Compounding the sense of injustice is the fact that Dos Santos is a family man with a local girlfriend (a data typist at the police station) and an 18-month-old daughter.

The general view is that Port Nolloth has far more serious crime problems, including drug trafficking and murder. Said a shopkeeper who asked not to be named: “I’m certain there are people in town accused of far worse who carry on just fine. It’s a case of money talks and shit walks.”

The shopkeeper’s ire was directed partly at an ex-mayor of the town, Nick Kotze, one of 33 people arrested in an anti-smuggling raid in 2002. Springbok police spokesperson Gerrit Cloete said Kotze was given an R8 000 fine and an 18-month jail term after being convicted on four charges of illicit diamond buying last August. After paying R32 000, Kotze, one of the town’s wealthier residents, walked free.

Residents raised the Kotze case, questioning why Dos Santos received a comparatively harsh sentence. But, in the first conviction of its kind, Dos Santos was found guilty of racketeering — when a person is accused of persistently being involved in illegal activity — as well as illicit diamond buying.

Most stolen uncut stones that end up on the black market come from the Alexkor, De Beers and Trans Hex mines along the coast and the Orange river, and it has been estimated that 30% of the diamonds mined there are smuggled out by employees.

This is despite high security and a roadside billboard blaring “fluit, fluit misdaad uit, [whistle crime away]”, encouraging workers to blow the whistle on corrupt colleagues.

Numerous smuggling syndicates operate in the area.

But in a hangover from the days when the government propped up De Beers’s “single-channel” marketing cartel, it remains illegal even to possess uncut diamonds, no matter what their source.

Even the Port Nolloth police say Dos Santos is a “nice guy” — but that he knew the risks.

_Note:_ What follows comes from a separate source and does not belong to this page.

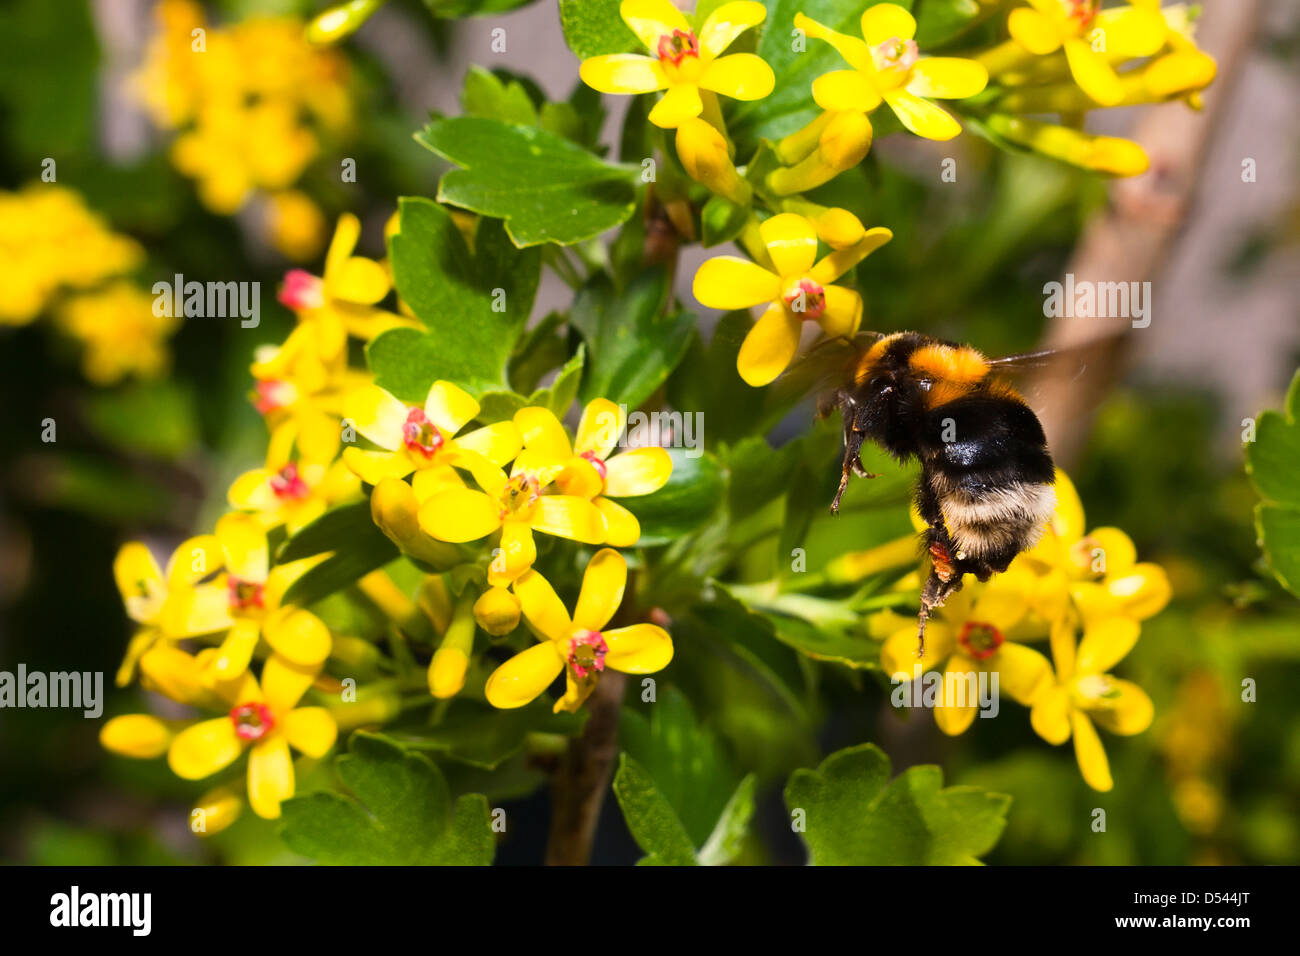 Bumble Bee in volo con luminosi fiori gialli Foto Stock

He became “te windgat, te mak [spoke too much, and became too casual]”. But there was no doubt he was “a big man” in the smuggling business. “The thing is, there’s lots of other big men here.”

Police believe the closure of the Port Nolloth gold and diamond branch five years ago has made it easier for smugglers, who know immediately when officers from Springbok or Alexander Bay are in town.

A senior officer from the Springbok diamond branch argued that the Dos Santos judgement, while “setting a good example”, had not necessarily affected the illegal trade. Smugglers had changed the way they did business, and inside information was harder to come by.

Explained one officer: “Smugglers used to use their cellphones to set up meetings and post observers to watch the police. Now, they’re not using new runners. If they don’t know him, they won’t use him.”